Explore Tahoe: After 40 years, West Shore Bike Trail finally complete
The Union News Service
TAHOE CITY — The recently completed section of the West Shore Bike Trail through Homewood is less than a mile in length, and much of the route follows existing, lightly used neighborhood roads.
But its impact on the future of biking opportunities along Tahoe’s West Shore is much bigger than the length of the trail.
“The West Shore bike path has always been a problem; now that is all changing,” said Peter Underwood, owner of Olympic Bike Shop in Tahoe City. “Everyone wants to ride along the lake, on a designated bike path — now they can safely get to the beaches and Sugar Pine Point State Park.”
When the West Shore Bike Trail was built in the 1970s, getting riders off the road on the section north of Homewood was always part of the plan. But the narrow road section between Cherry Street and Homewood Mountain Resort was never completed until now.
Instead, for all those years, “it has been referred to as the Missing Link or Homewood Hole,” said Kurt Althof, Grants and Community Information Administrator for the Tahoe City Public Utility District. “It was very dangerous from a safety standpoint. It’s been a struggle getting it built. We didn’t give up and are thrilled to finally complete it.”
With no bike trail, riders had to stay on the road, and there was no shoulder. To make matters worse, in many areas just off the pavement were ruts and chewed-up pavement, which were a real hazard for bikers.
‘A POPULAR THOROUGHFARE’
The new trail passes right in front of the house that Michael Buss has lived in for over 40 years.
“I was always for building the trail. There was too much of a chance that the kids riding along on that section of highway were going to get hit,” Buss said, adding that since construction has been completed, he’s seen people riding it and walking it every day. “It has already become a popular thoroughfare.”
Now with a safer route, riders can plan to take the full 10-mile trip from Tahoe City to Sugar Pine Point on a designed bike trail (as well as some quiet neighborhood streets).
Currently, the trail stops at the southern edge of Sugar Pine Point State Park, but plans are underway to complete the trail to the beautiful beaches at Meeks Bay, which will be an asset to both the riders and to the Washoe Tribe, which operates the Meeks Bay Beach concession.
Althof said that the nearby Truckee River Bike Trail — which offers a beautiful, meandering pedal for all ability levels along the river between Tahoe City and Alpine Meadows — is “hands down the most utilized resource we manage.”
Meanwhile, Underwood said the West Shore Bike Trail “will give visitors an alternative to the Truckee River Bike Path.”
Hopefully, this new trail will not only give riders more options, but will also reduce the congestion on the busy route along the river.
THE NEW ROUTE
One of the issues with the West Shore Bike Trail is that it requires riders to frequently cross the often-busy West Lake Boulevard (Highway 89).

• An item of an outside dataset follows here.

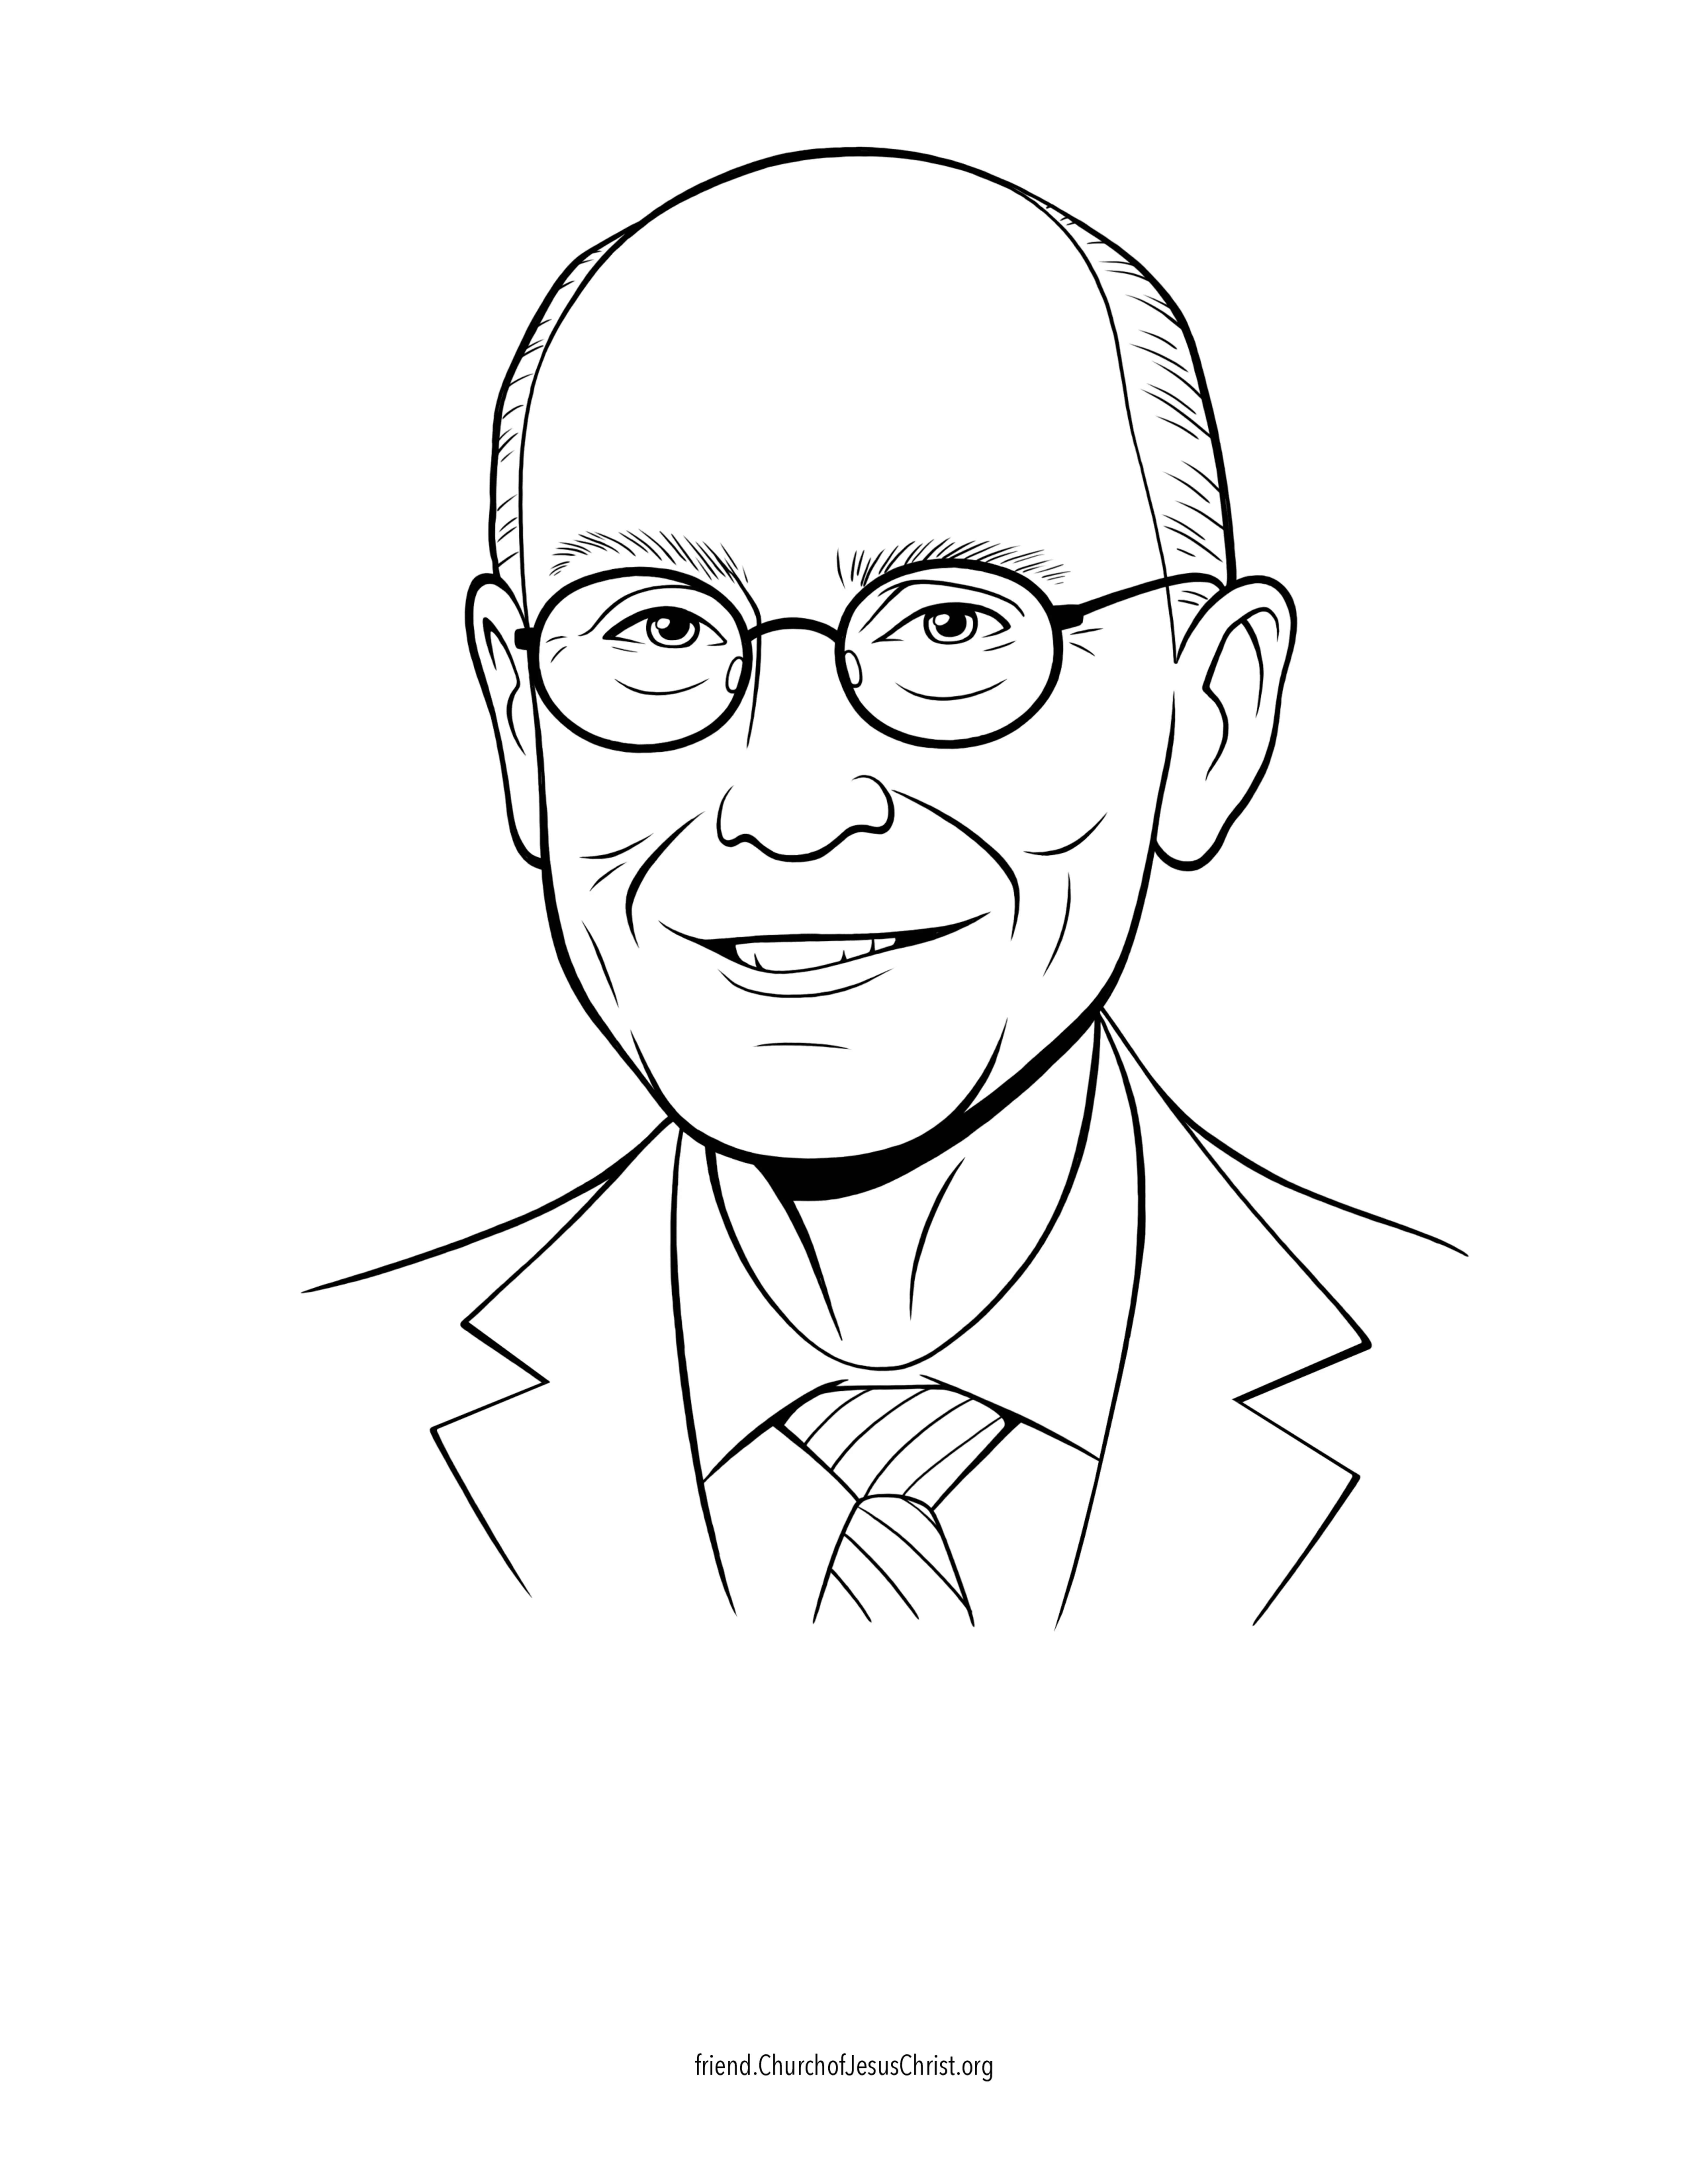 A coloring page of the official portrait of Henry B. Eyring.
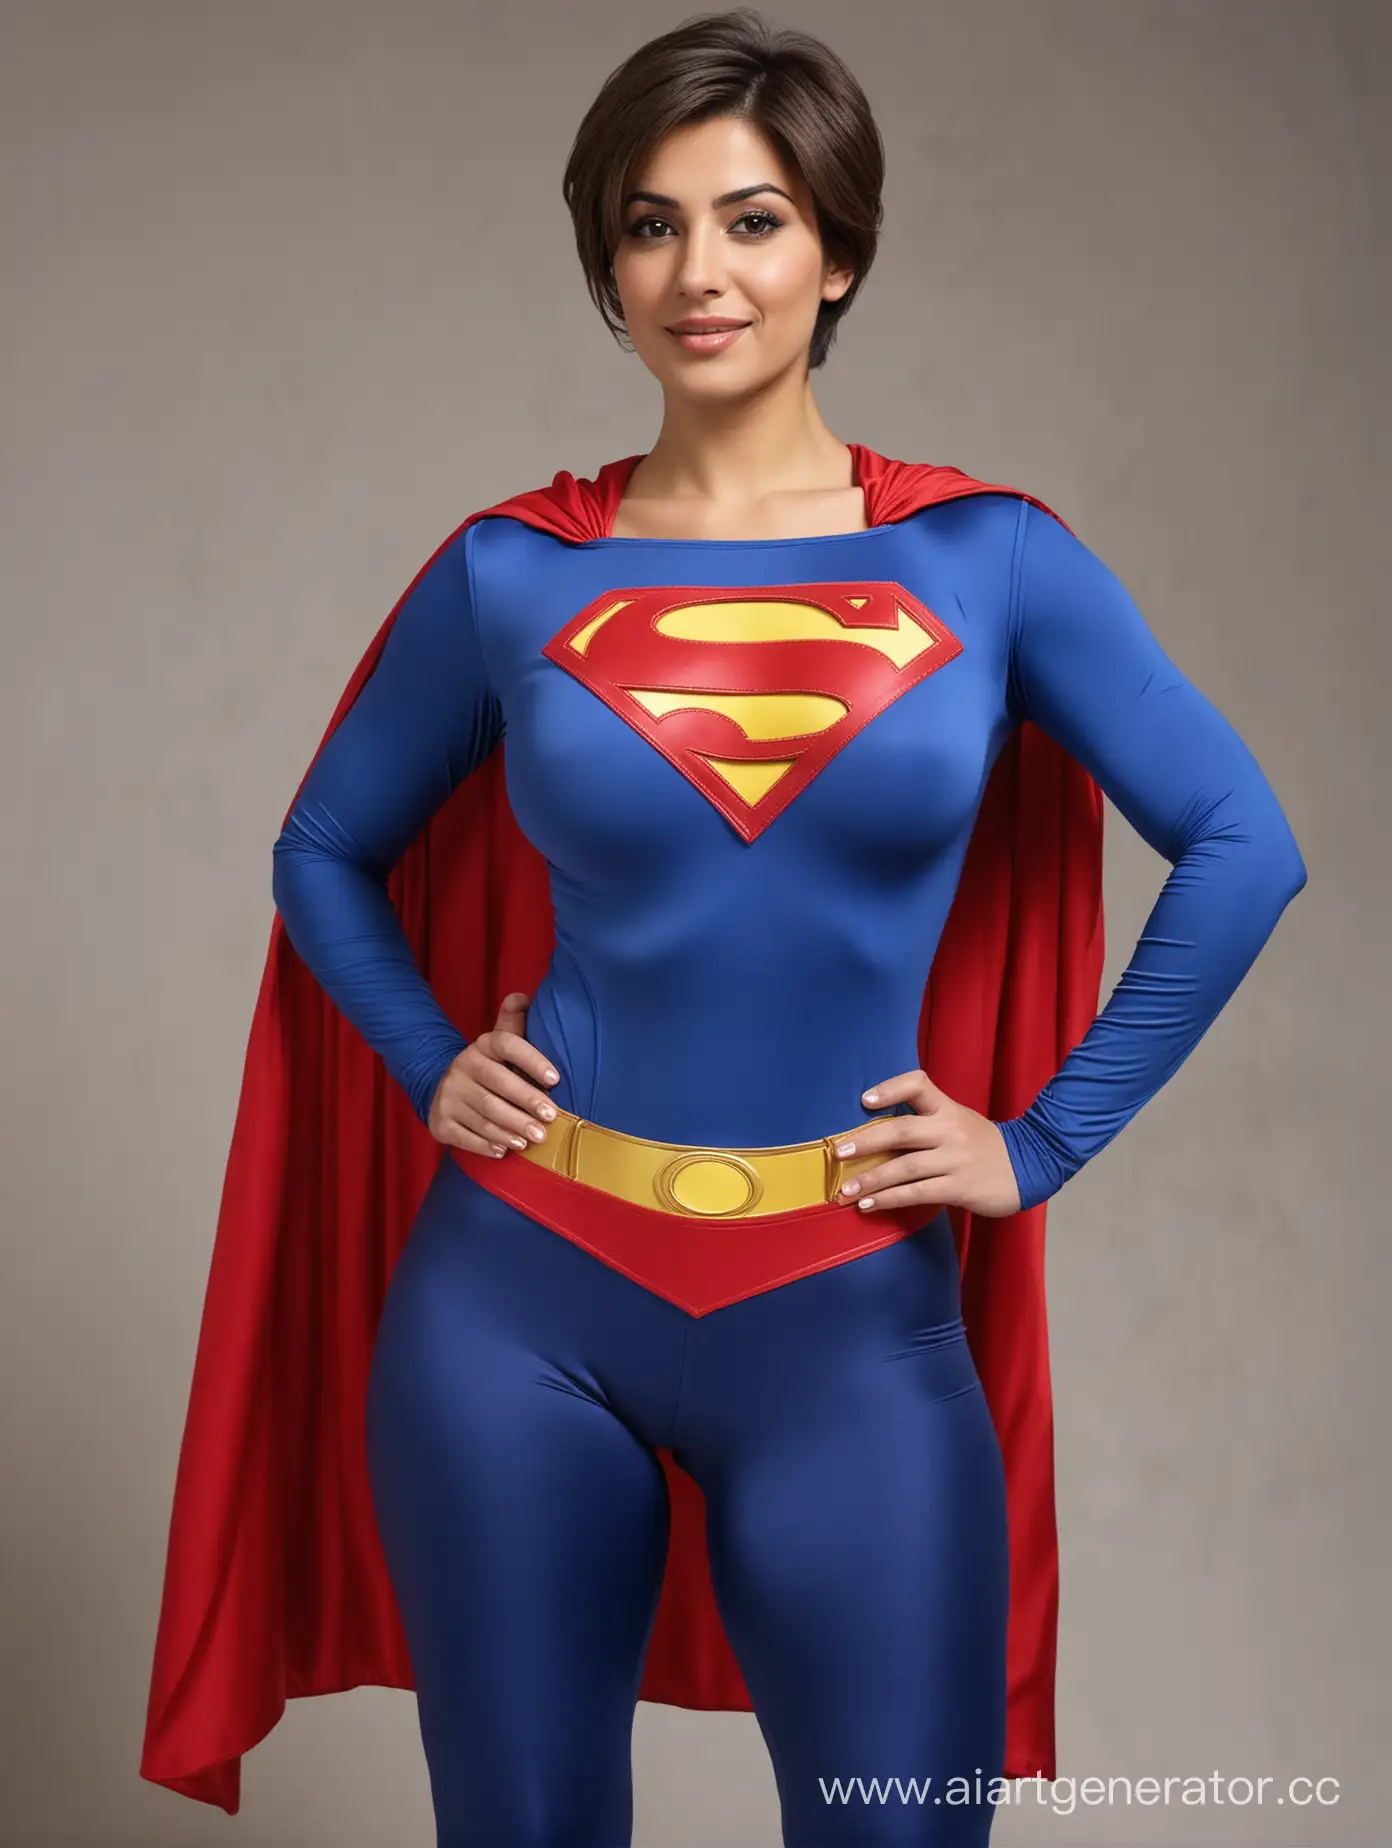 A beautiful Middle Eastern woman with short brown hair, age 30, she weighs 250 pounds, She is proud and smug, She has enormous super muscles throughout her body, She is flexing her enormous arms muscles, Her muscles are huge, she is wearing the classic Superman costume, with blue spandex leggings, long blue sleeves, red panties, a flowing cape, red boots

The good news with the new section is that once southbound riders cross the highway at Fleur Du Lac, they stay on the right side of the road for the next four plus miles passing Homewood, Tahoma and through most of Sugar Pine Point State Park before crossing the road again just a 1/2 mile before the trail ends.
The new trail first parallels Highway 89, then after crossing Madden Creek on a new bike bridge, dips away from the highway and into the dense forest next to Trout Street.
In a short distance, the trail merges with Sans Souci Terrace which becomes the route heading south. It is a pleasant, level ride passing scattered older cabins before meeting Silver Street, where the bike trail passes through the Homewood Resort parking lot.
At the southwestern edge of the parking lot, the route crosses Fawn Street, and meets the previously existing trail which follows another section of Sans Souci Terrace to Tahoe Ski Bowl Way.
In addition to the Tahoe City Public Utility District, which will maintain the trail, the Homewood trail construction was sponsored by the North Lake Tahoe Resort Association, Placer County, California Tahoe Conservancy, California Natural Resources, Placer County Parks and Tahoe Fund.